*Exercise prompt*
In the records below, the lines between the one holding "Hummel Handball ELITE HB 212549 | eBay" and the one holding "lave as mãos", inclusive, are to be transcribed exactly; no pictures are to be included.

*Records for the task*
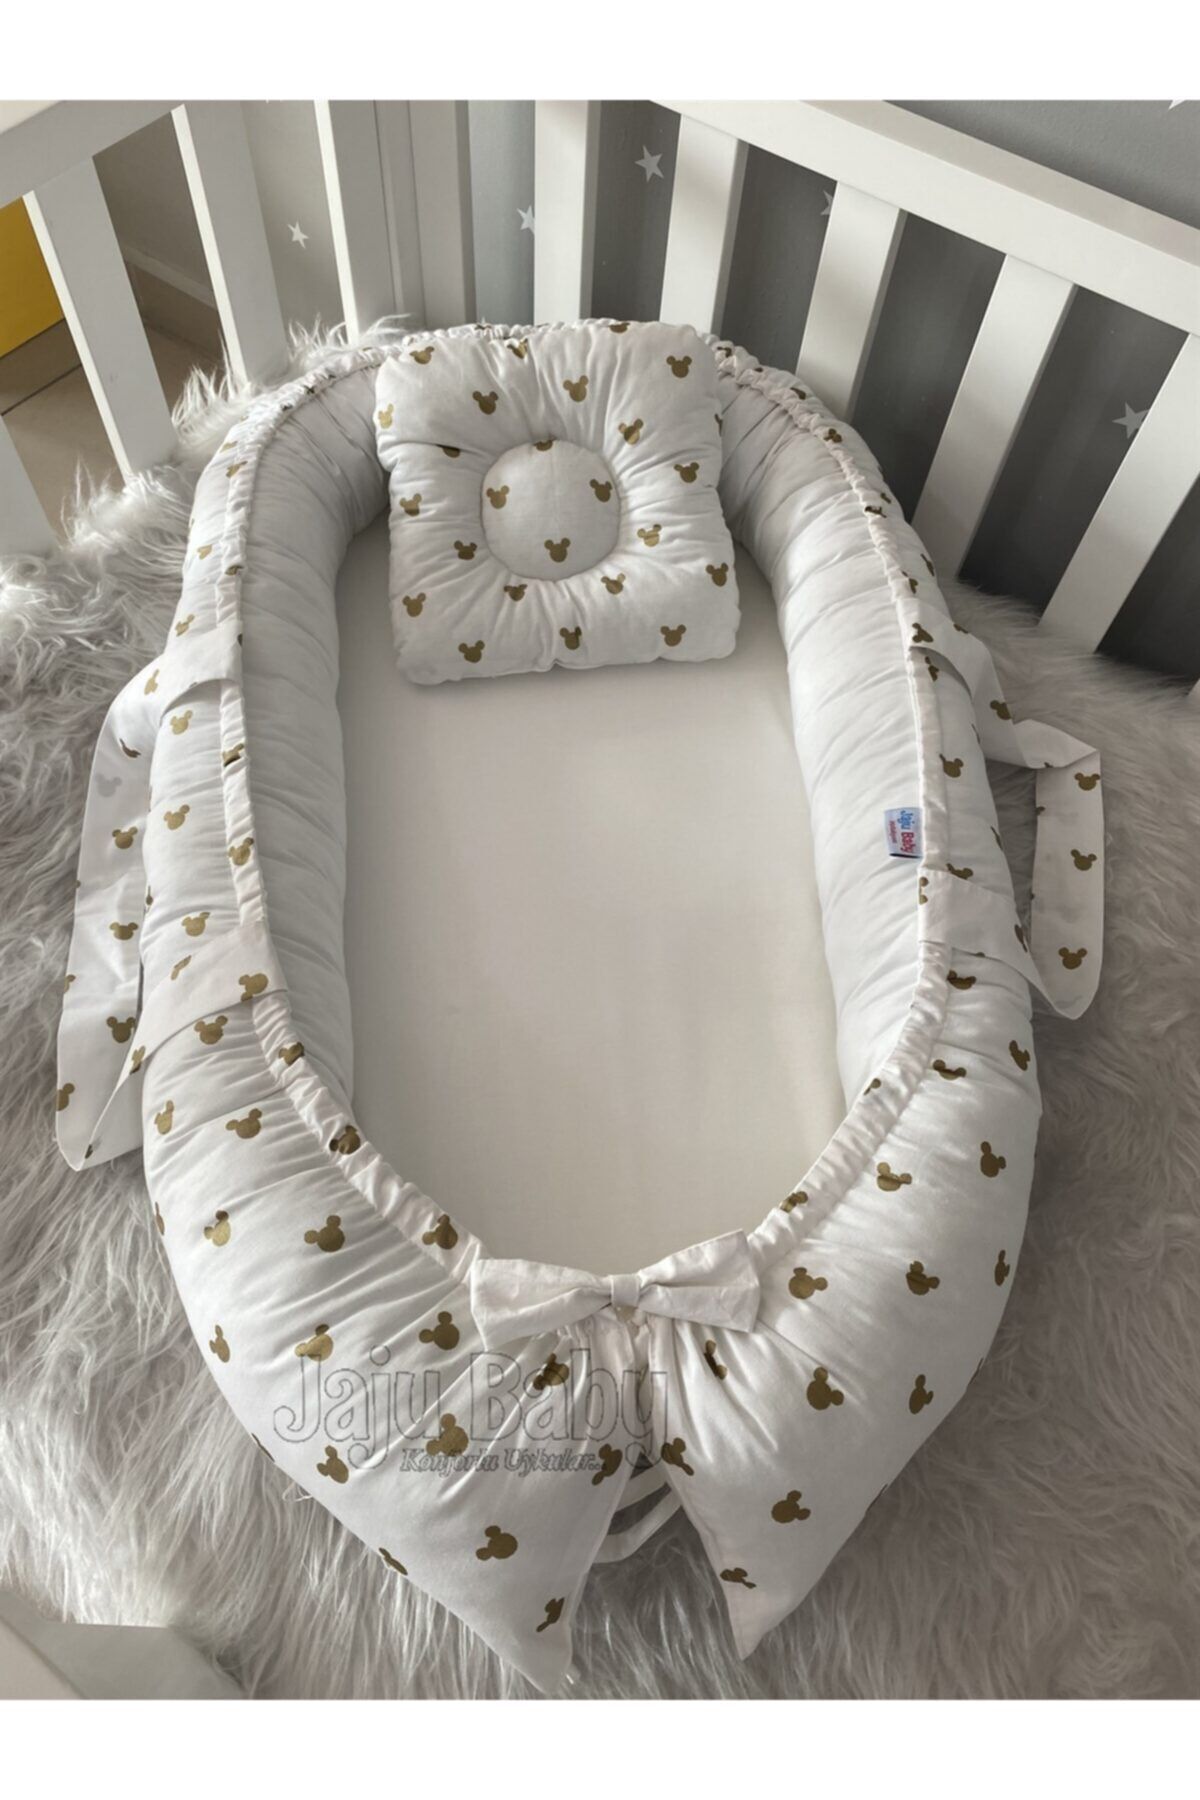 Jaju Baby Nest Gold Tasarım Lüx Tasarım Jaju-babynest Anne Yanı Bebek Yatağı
...
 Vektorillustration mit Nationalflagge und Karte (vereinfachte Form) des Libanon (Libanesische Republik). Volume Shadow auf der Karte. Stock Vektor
--
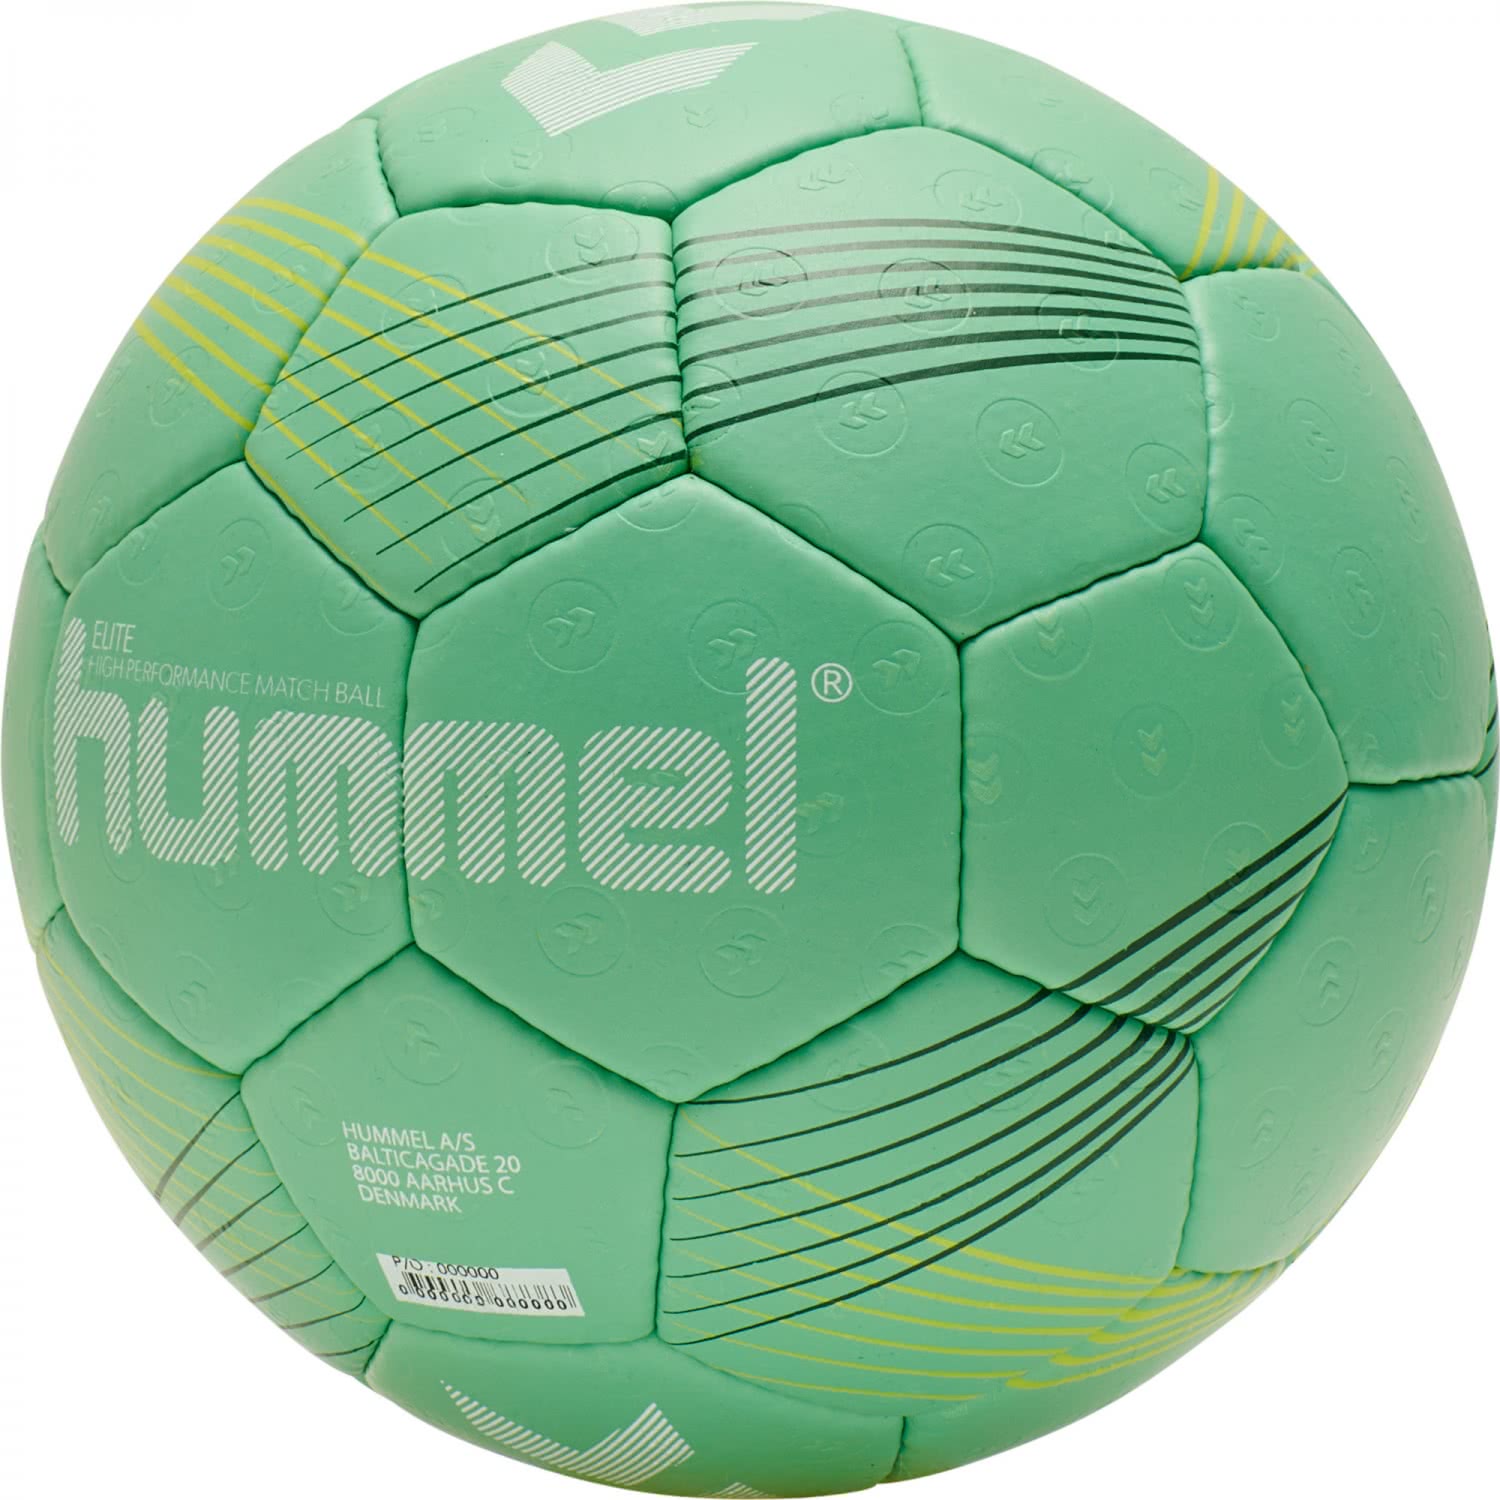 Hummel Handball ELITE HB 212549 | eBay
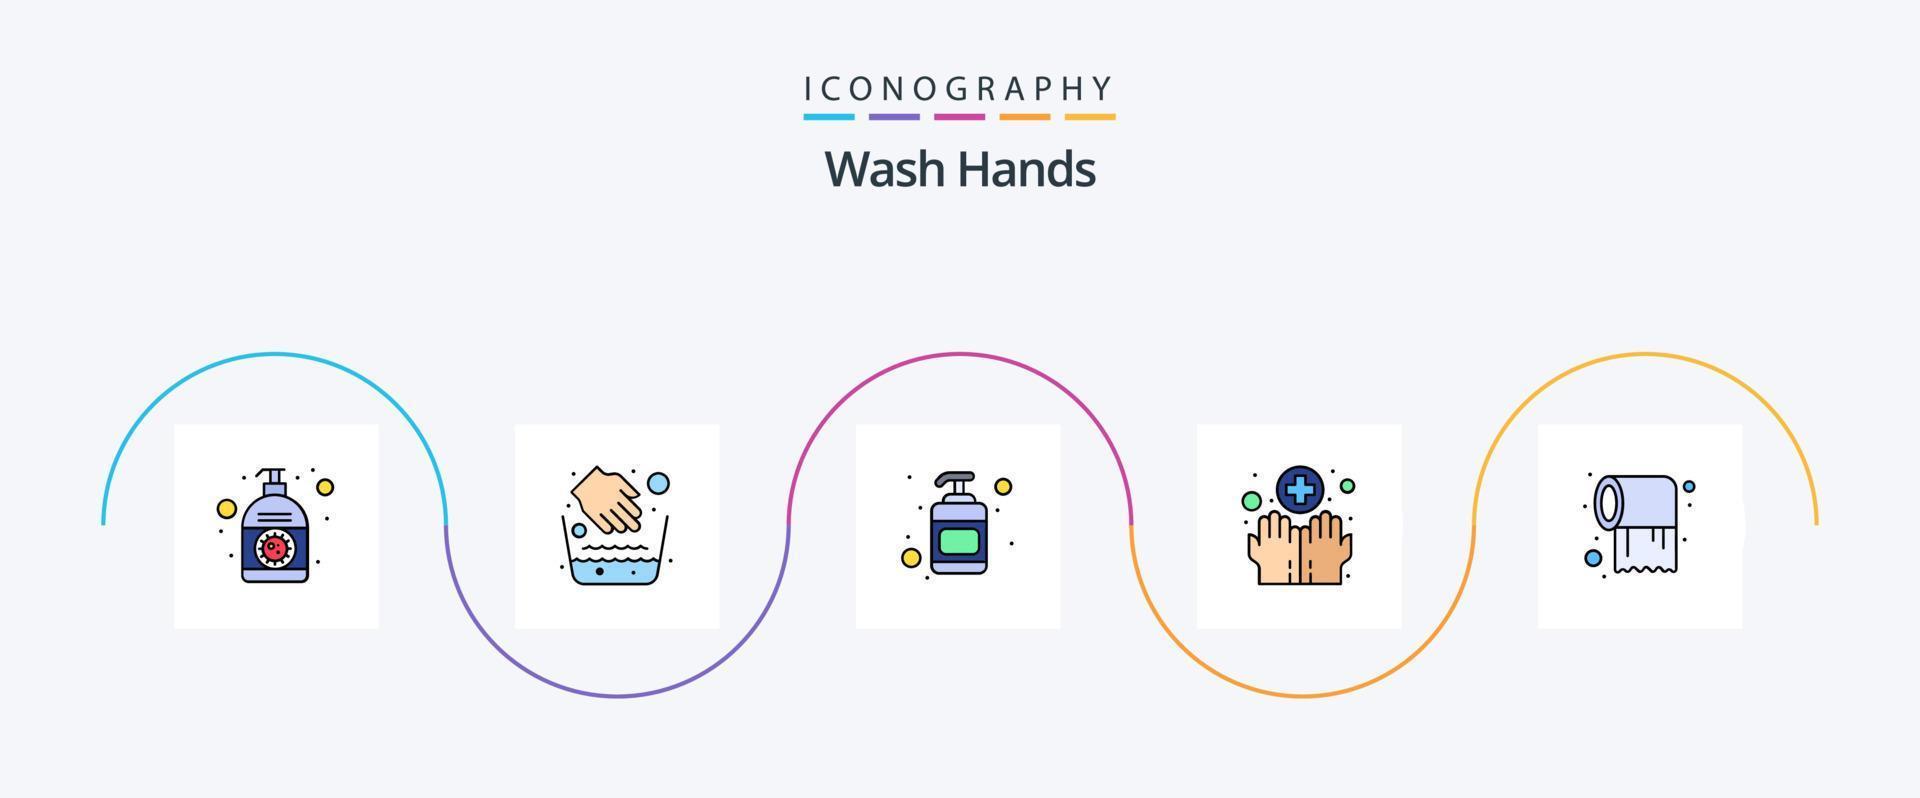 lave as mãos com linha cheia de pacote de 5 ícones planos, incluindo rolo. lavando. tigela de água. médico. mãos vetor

*Solution for this task*
 Hummel Handball ELITE HB 212549 | eBay
 lave as mãos com linha cheia de pacote de 5 ícones planos, incluindo rolo. lavando. tigela de água. médico. mãos vetor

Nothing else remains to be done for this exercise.